Monday, June 06, 2011

New Year: 1 Kings 1-2 for Apr 6

1 Kings 1-2, especially chapter 2, are not exactly eulogistic of David, nor are they exalted in their praise of Solomon as they introduce him. Note the absence of interpretive comment of any kind that the Lord commended the incidents of chapter 2, describing Adonijah, Joab, and Shimei's end at the command of Solomon. Perhaps there is a faint echo of the prediction of 1 Sam 8:18 on earthly kingships instead of the heavenly one.
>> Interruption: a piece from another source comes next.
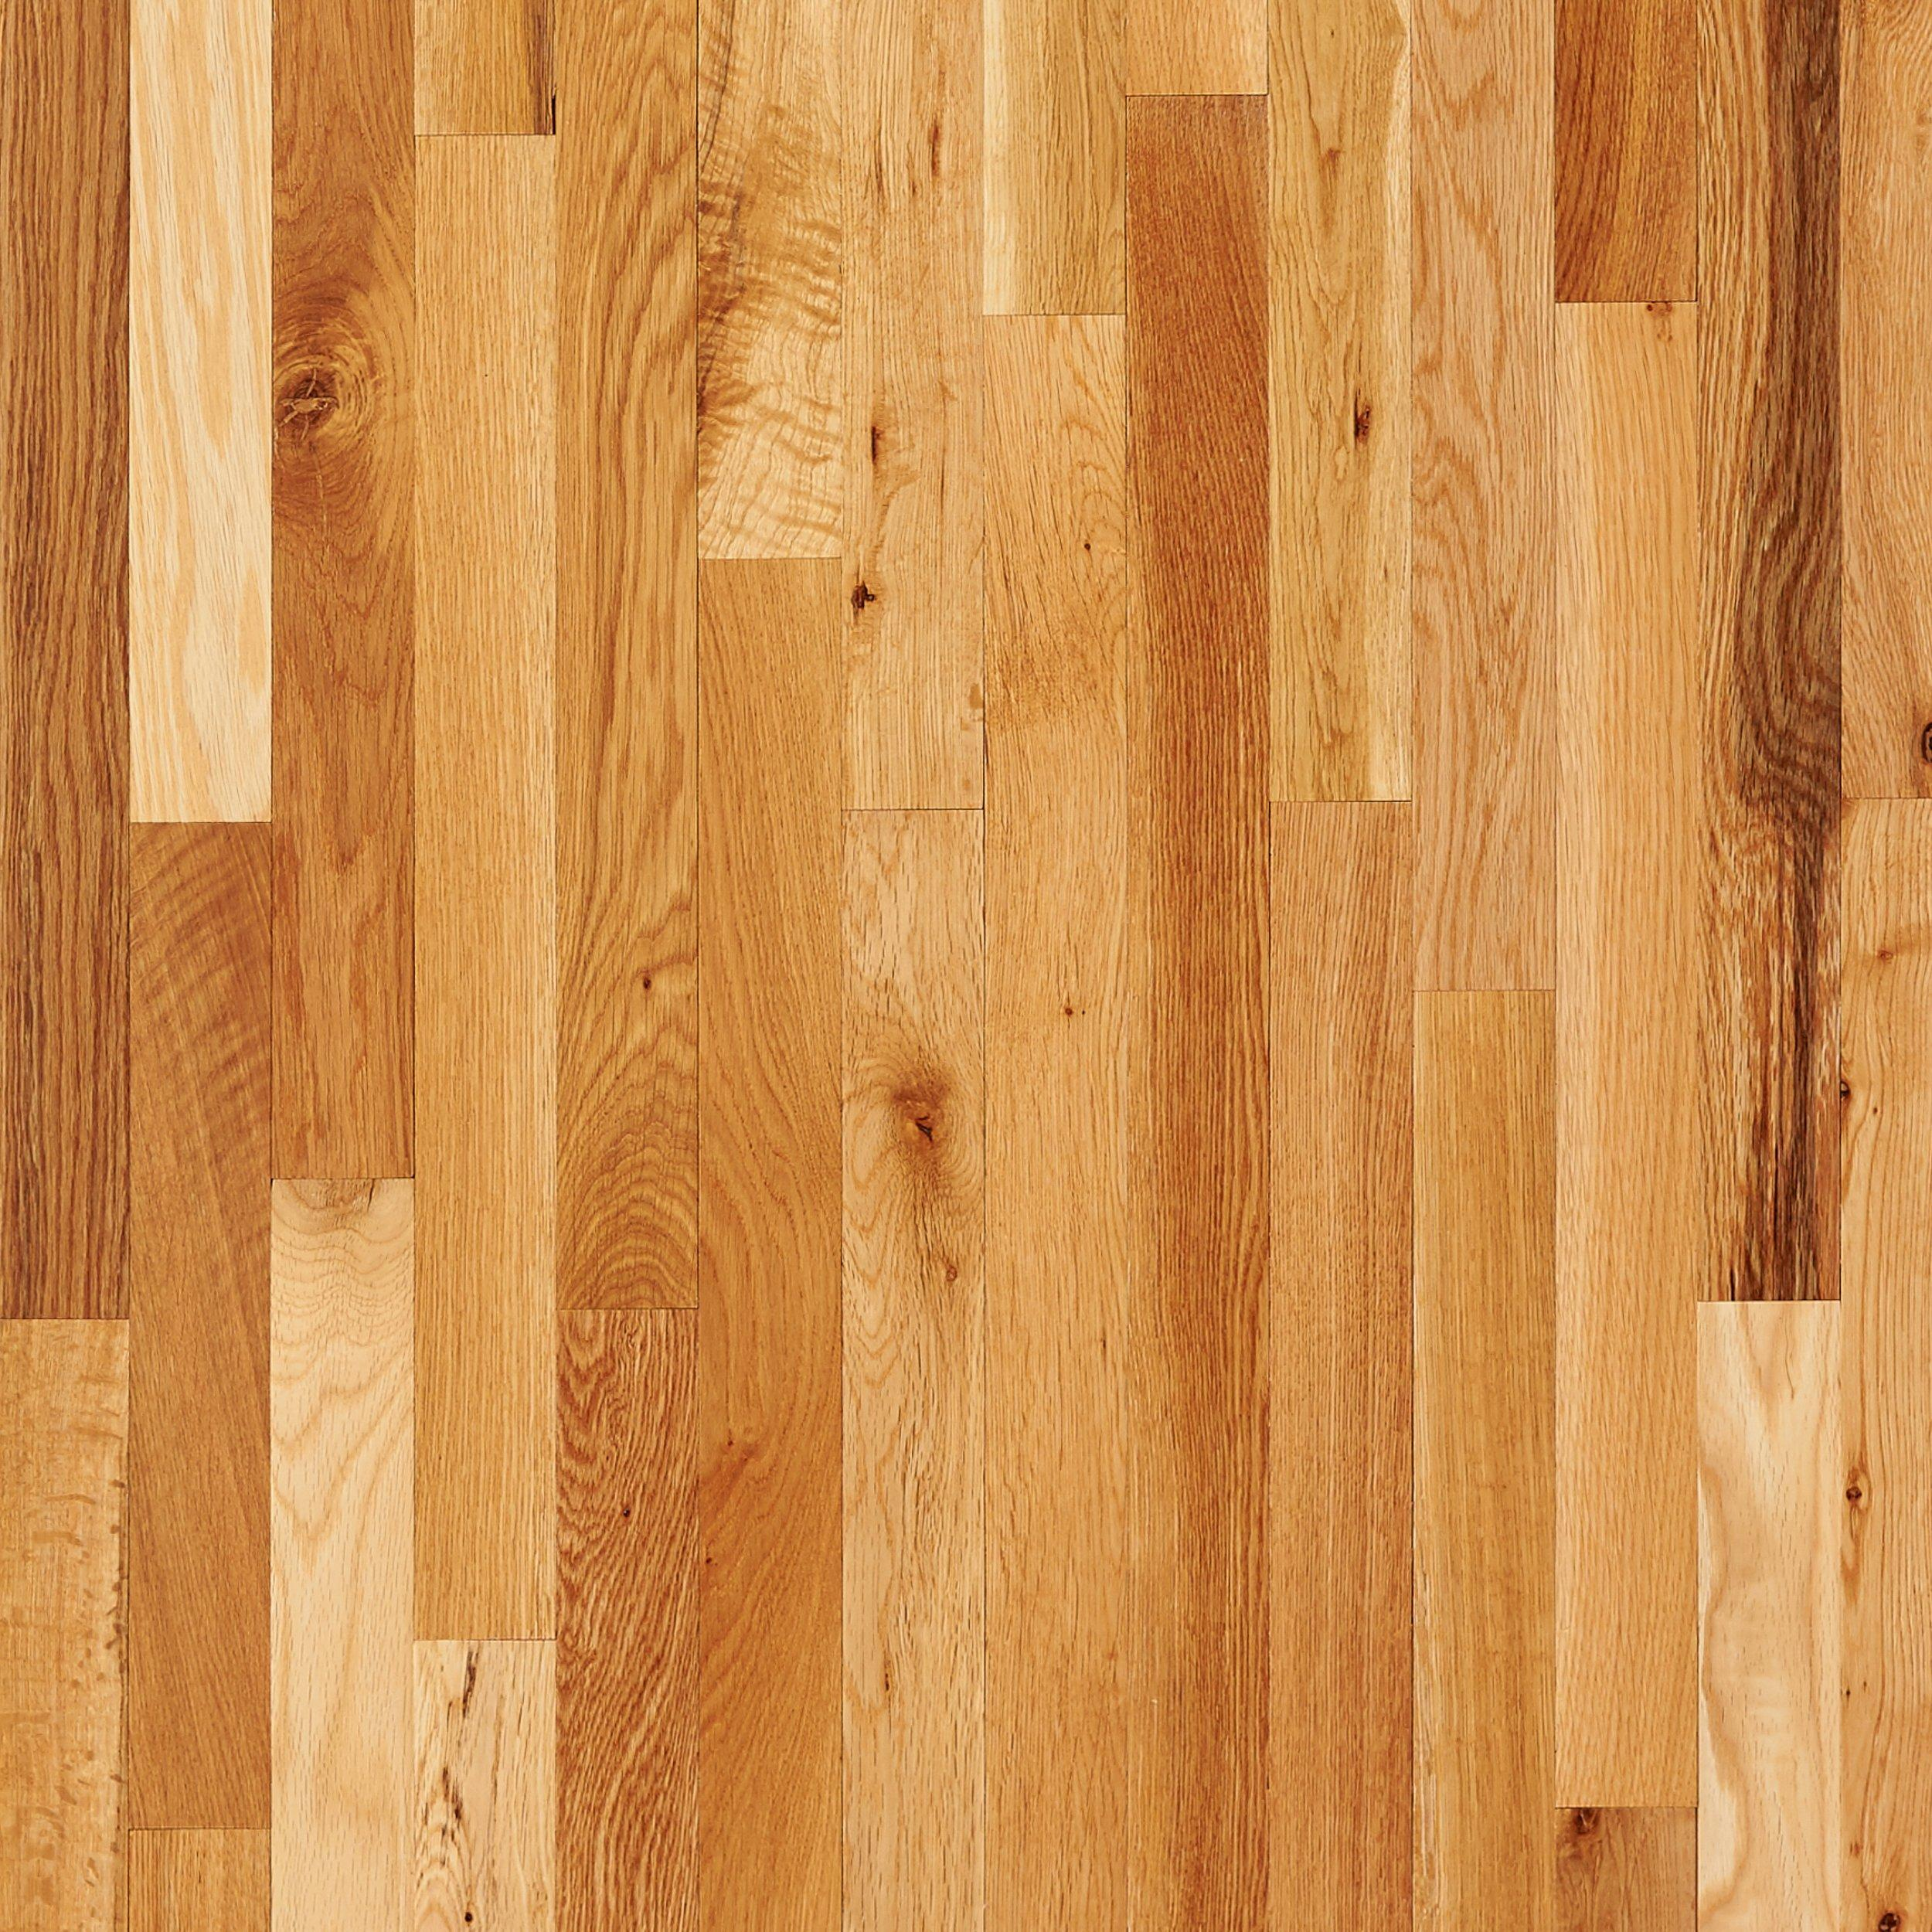 Charmant Natural Oak Smooth Solid Hardwood
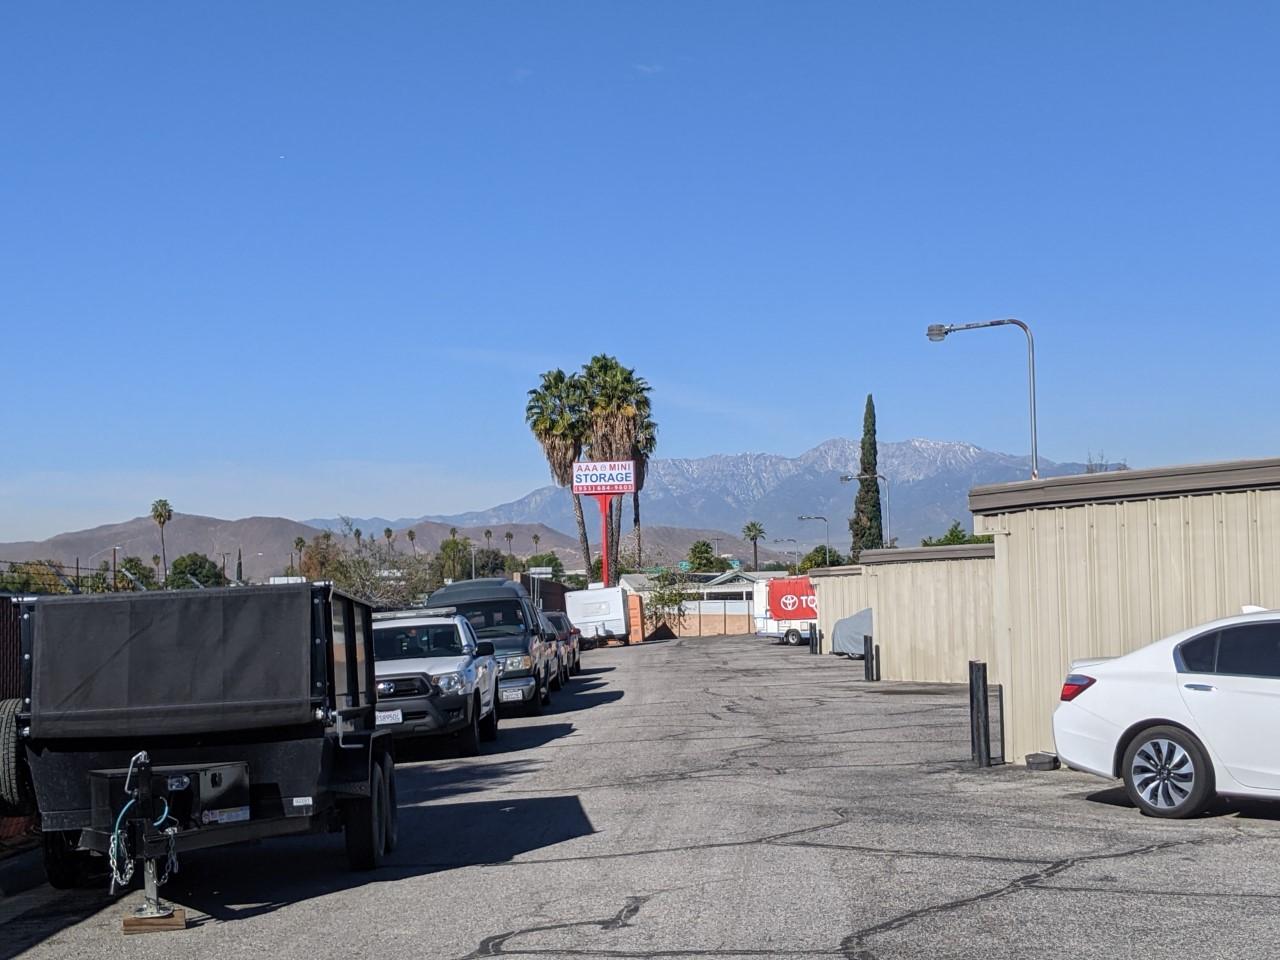 Storage and RV Parking in Riverside, CA 92507

These chapters are a comment on the perils of power and consolidation of power by the use of pretext. They are morally messy! Are the pretexts for Solomon's actions here concocted? In 2:22, Solomon describes a motive for Bathsheba's request that is disproportionate. 2:13 hints that Adonijah has peace on his mind, but the narrative doesn't necessarily endorse this. But immediately following this, the story of the treatment of Abiathar shows that Solomon's thinking was not pure pragmatism: "you are a man of death, but I will not put you to death at this time, because you carried the ark of the Lord GOD before my father David, and because you were afflicted in everything with which my father was afflicted." What an amazing comment!

Similar ambiguities exist for Joab's life and death, and Shimei's life and death. It is instructive to compare the one-sentence comment of 1 Kings 2:46b with 2 Samuel 5:10-12, although as a single explanation, it needs to be supplemented by all the actions prior to David's ascension and consolidation as king in 2 Samuel 3-5.

Saturday, June 04, 2011

New Year: 2 Sam 22-24 for Apr 5

Some of the great highlights of Old Testament religion occur in 2 Samuel 22:8-20 and 23:1-7.

In 22:8-20 the poetic and even hyperbolic language must not be set aside. We are used to the more conventional language of 22:1-7, but the verses 8-20 go beyond that! Religion in the West, where influenced by Schleiermacher, was reduced to a description of what we feel about God. In contrast, Old Testament religion teaches -- from "page 1" -- that God is the active Initiator. Not only that, but He is the Intervener in the affairs -- of whom? Of whom He chooses to, of course. That is the point of 2 Sam 22:8-20. It is an intervention of the highest kind.

As for 2 Sam 23:1-7 ... "for He has made an everlasting covenant with me, / ordered in all things, and secured" and the subsequent verses about David fighting "the worthless" are primary examples of what is to be gained from the kind of God spoken about in 23:3-4 and in the previous chapter. If God were merely an intervener and initiator, and only acted unpredictably, however well and powerfully, then He would be like perhaps a Special Forces group, which intervenes, does great things, and is gone. But no. God has done something upon which David can rely forever. So in Christ is the same thing true of us: God in Christ has done something upon which we can rely forever.

Friday, June 03, 2011

New Year: 2 Sam 19-21 for Apr 4

There are loyalties like the morning mist in this section, and faithfulness to the heavens. Joab's loyalty to the king is like the morning mist, which was gone (2 Sam 18:14), comes back in a way (19:5ff), disappears again (20:10-12), and does it reappear in 20:20?

David's loyalty to Mephibosheth is faithfulness to the heavens. With the knowledge that God Himself is visiting the sins of Saul and his house upon the kingdom (21:1), he still withholds Jonathan's son from the Gibeonite revenge, because of the "oath of the Lord which was between them, between David and Saul's son Jonathan" (21:7).